Data supplied:
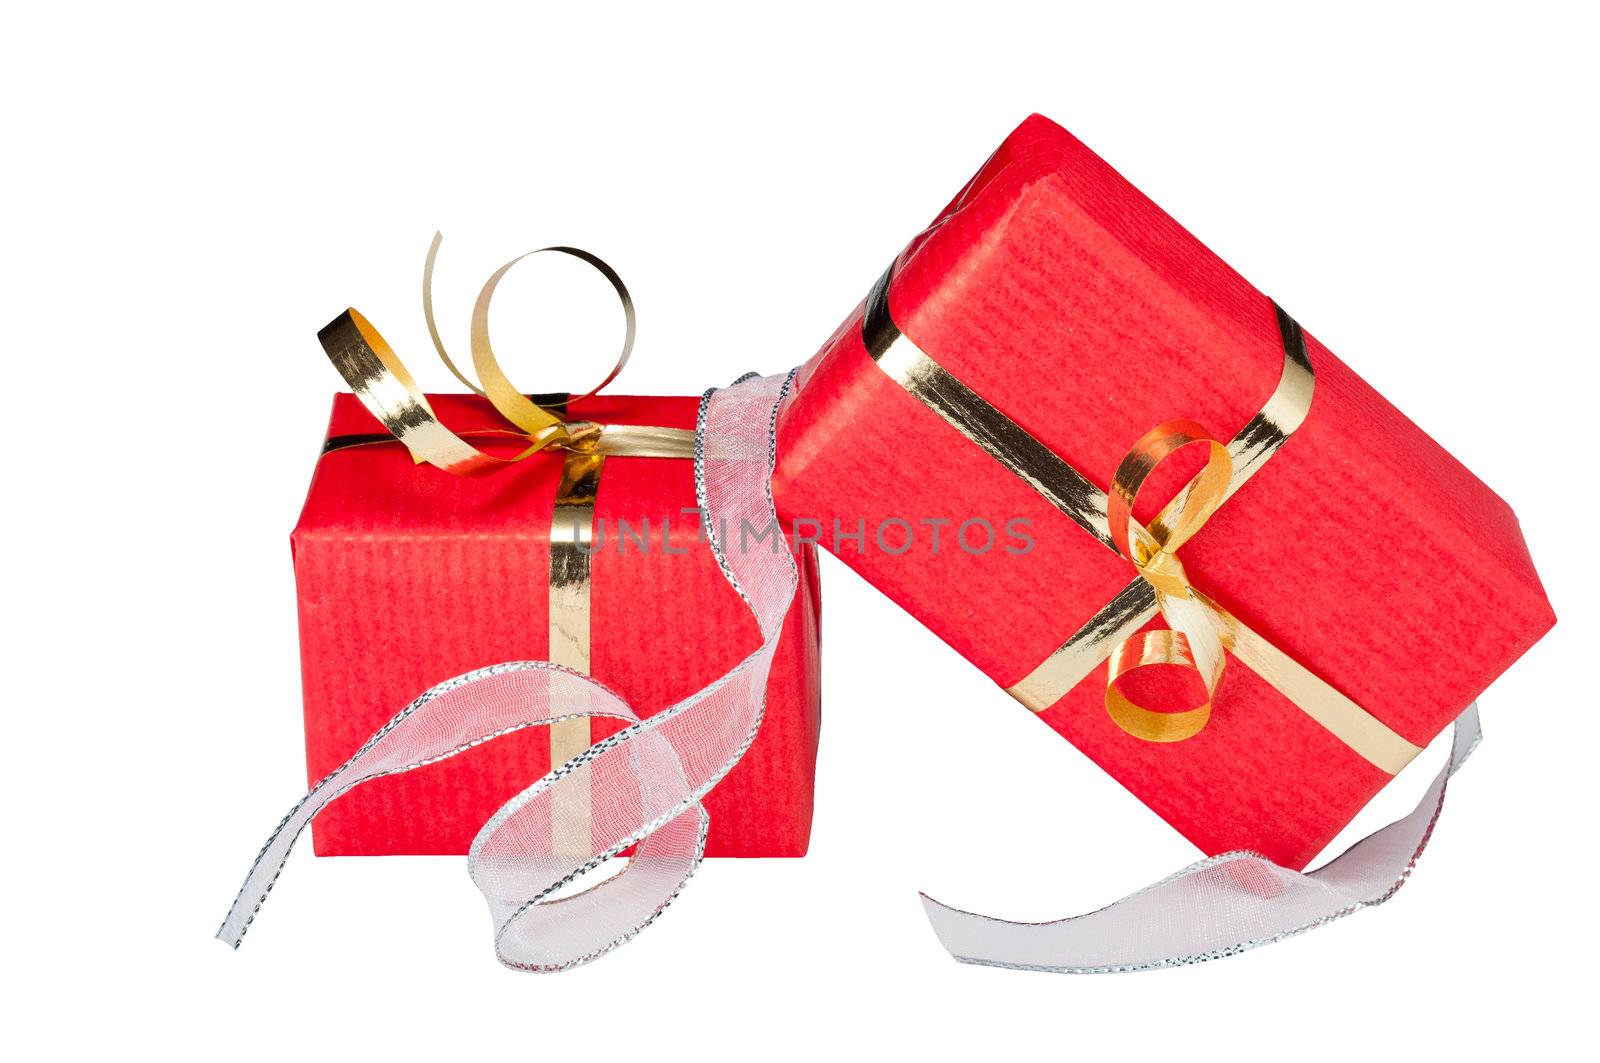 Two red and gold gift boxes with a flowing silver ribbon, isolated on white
==
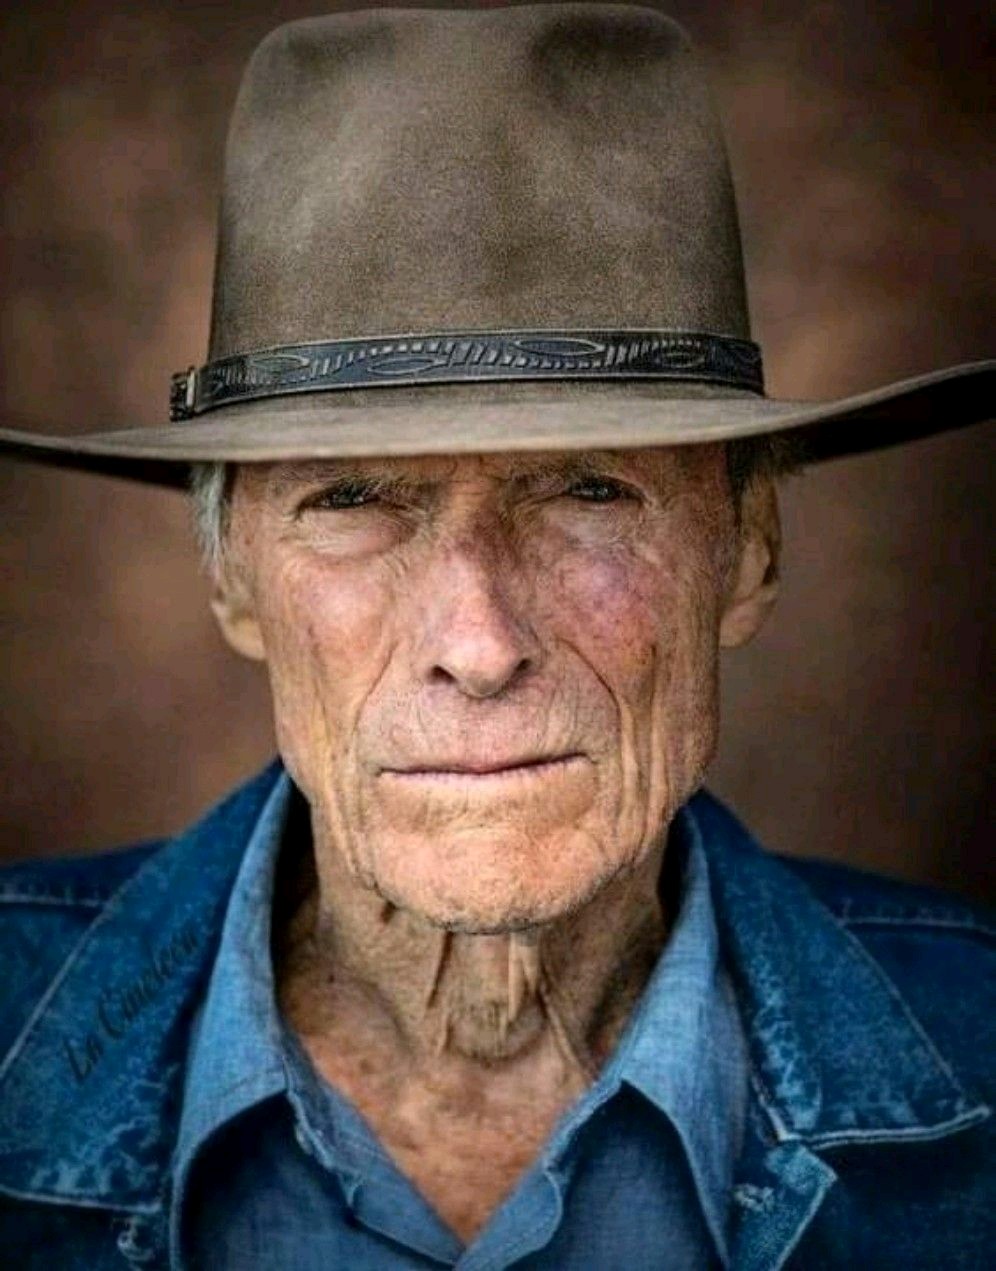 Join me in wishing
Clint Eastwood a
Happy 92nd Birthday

Exercise brief: From the material above, give again exactly the lines from the one that contains "Join me in wishing" through the one that contains "Happy 92nd Birthday", and leave out the pictures.

Written answer:
 Join me in wishing
Clint Eastwood a
Happy 92nd Birthday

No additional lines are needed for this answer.